* _The problem_
The answer should hold only the lines from the one that contains "blue lotus flower blue lotus flower photos" through the last line of the material, repeated exactly, without pictures.

* _Collected data_
—————
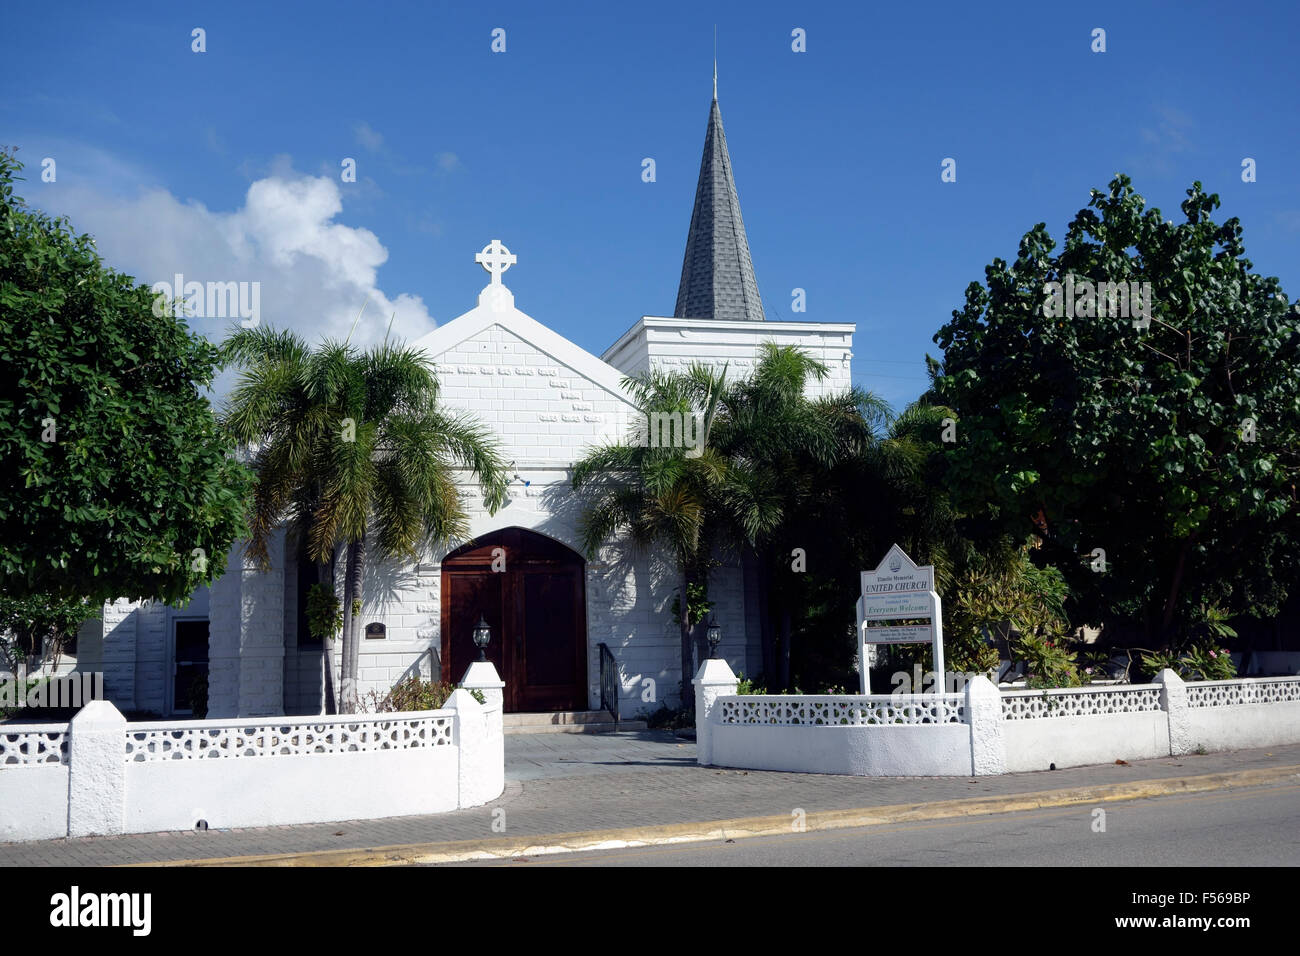 Elmslie Memorial United Church à George Town, Grand Cayman, Cayman Islands, Caribbean Banque D'Images
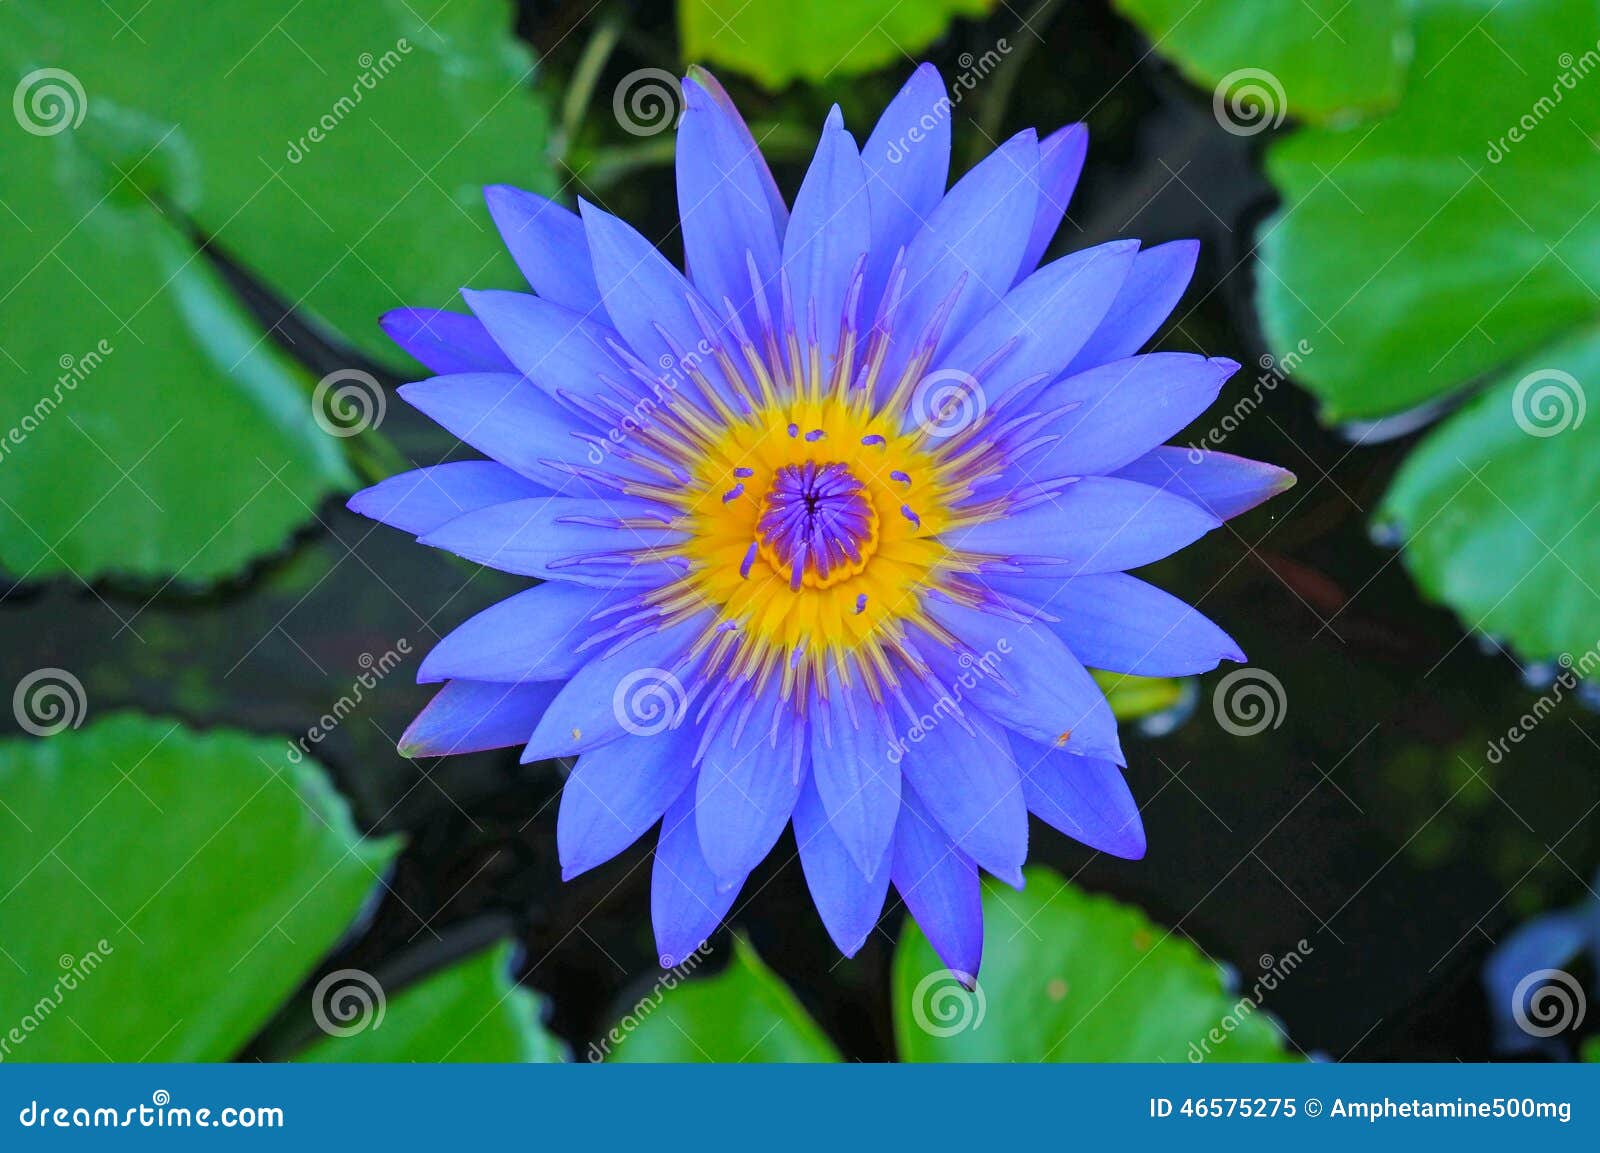 blue lotus flower blue lotus flower photos
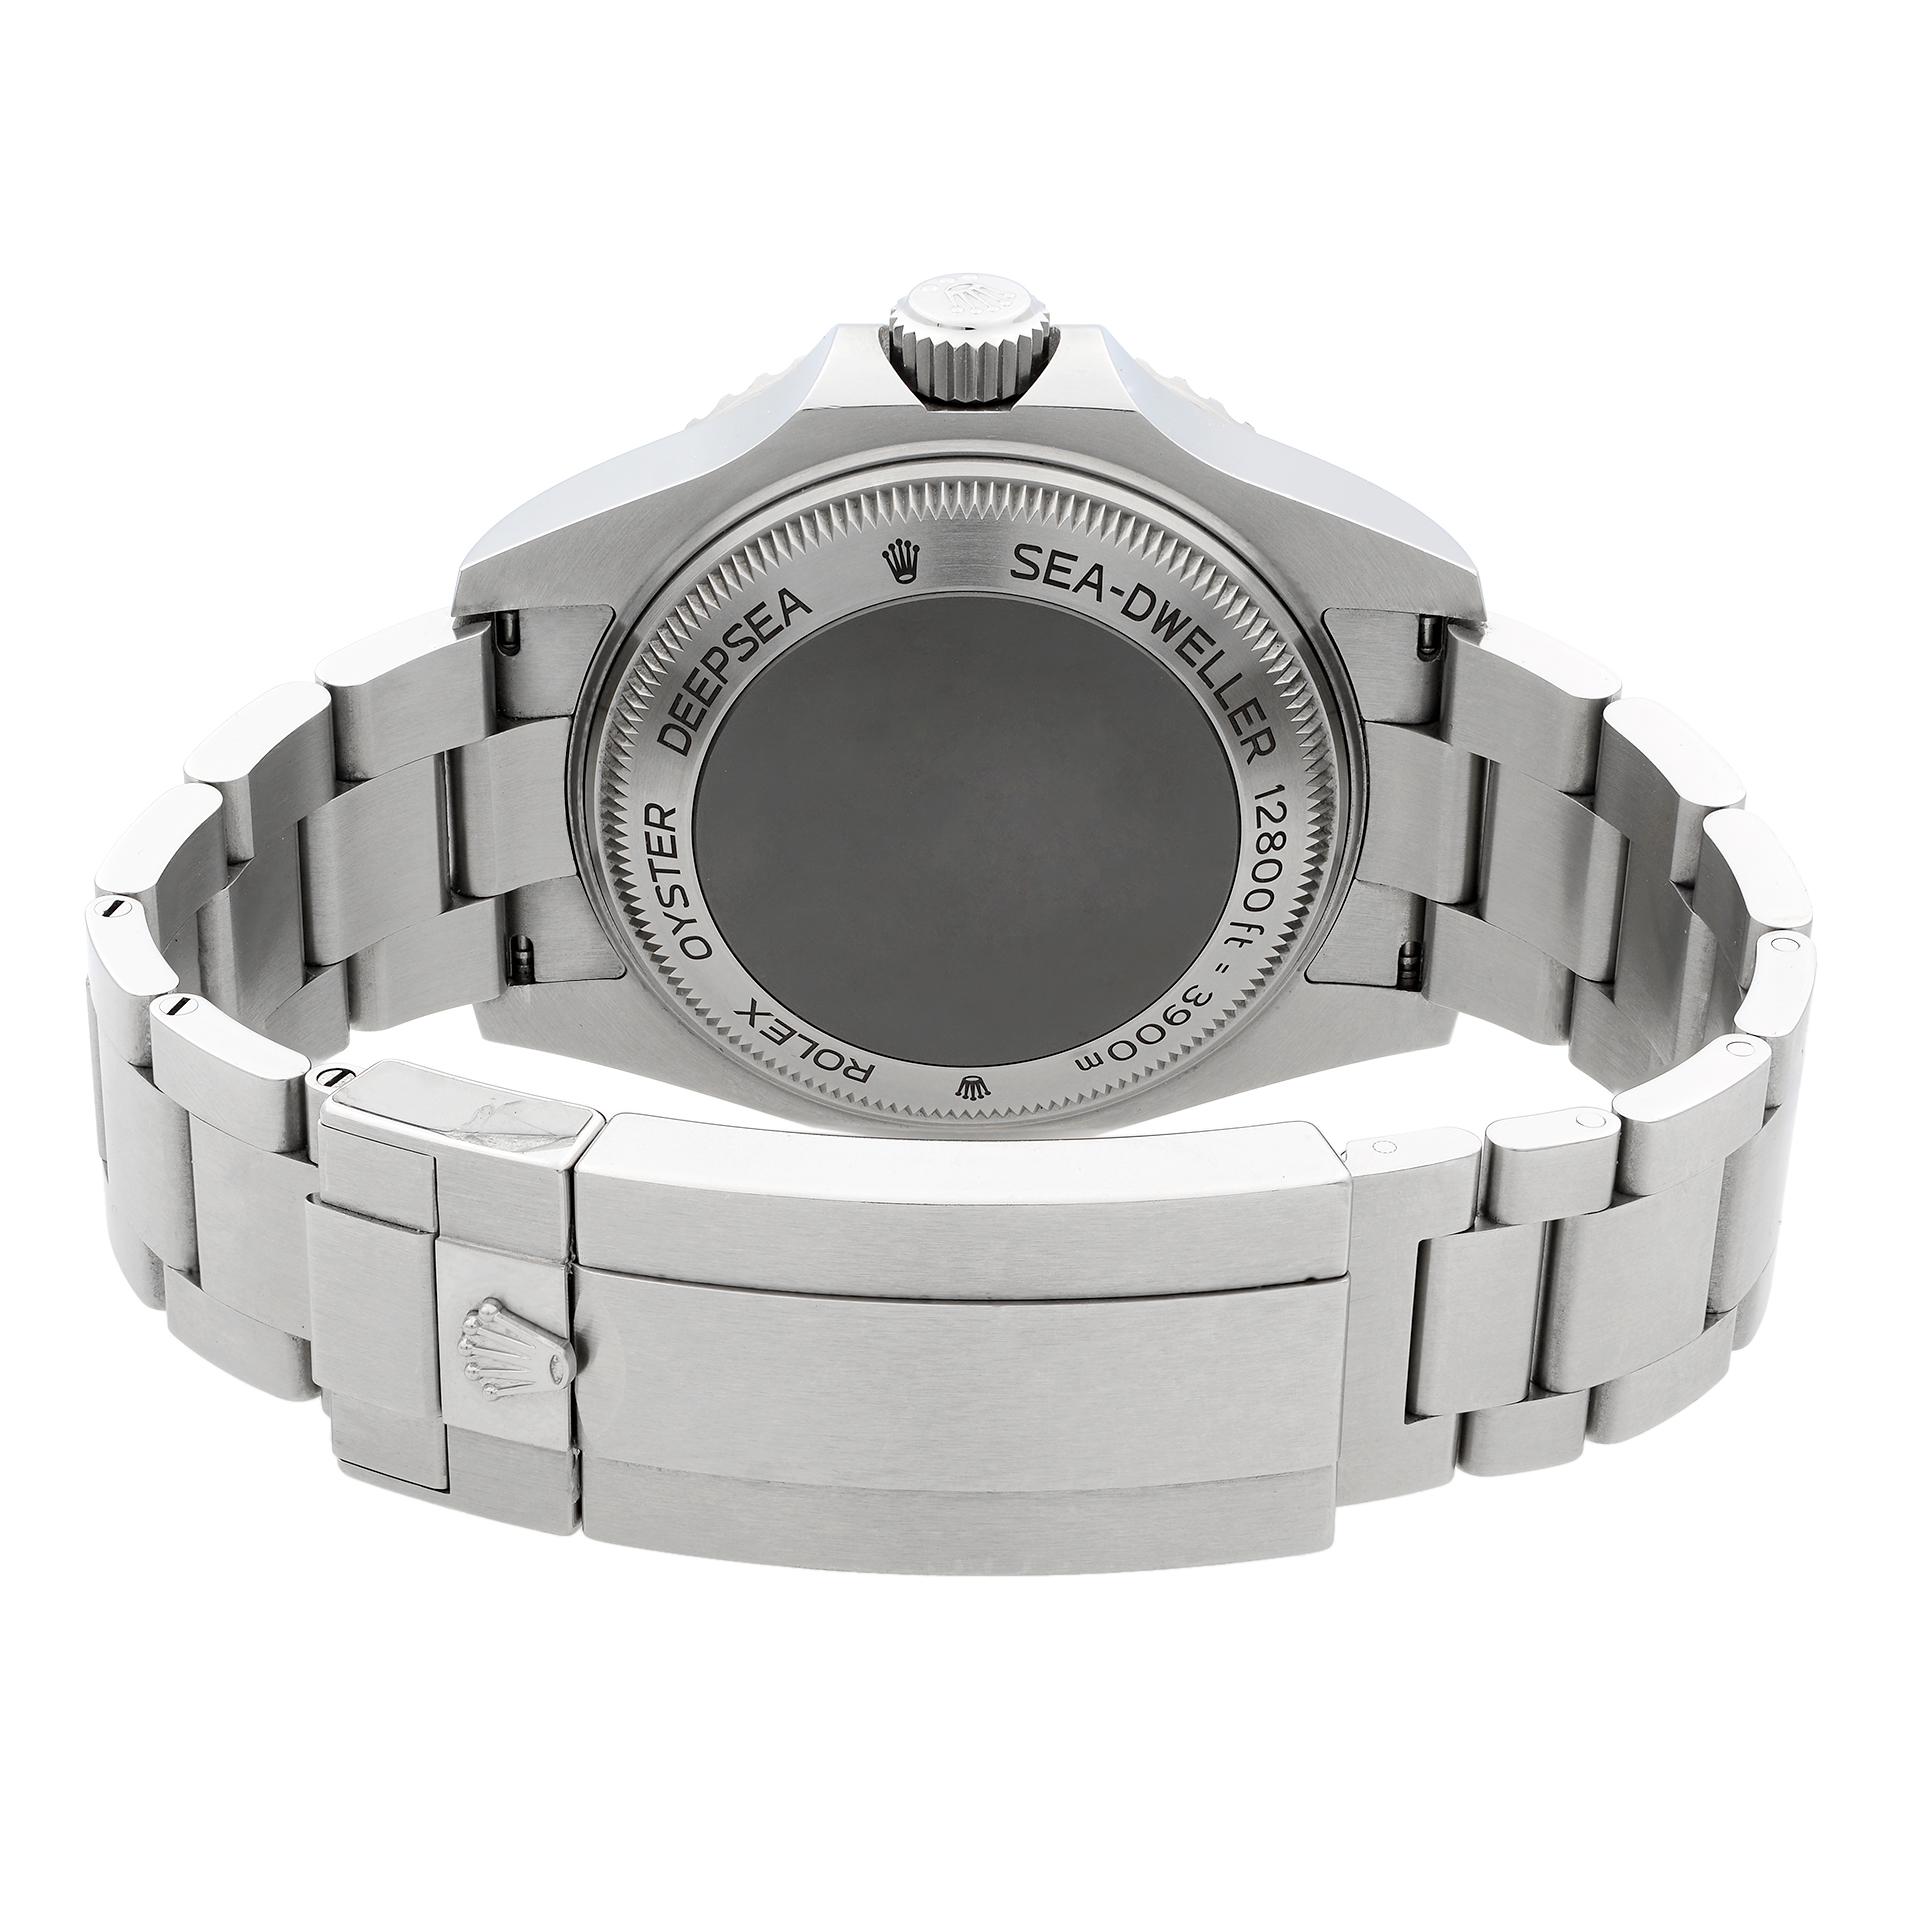 6th image of Rolex Rolex Sea-Dweller 126660 Wristwatch
—————
* _Output_
 blue lotus flower blue lotus flower photos
 6th image of Rolex Rolex Sea-Dweller 126660 Wristwatch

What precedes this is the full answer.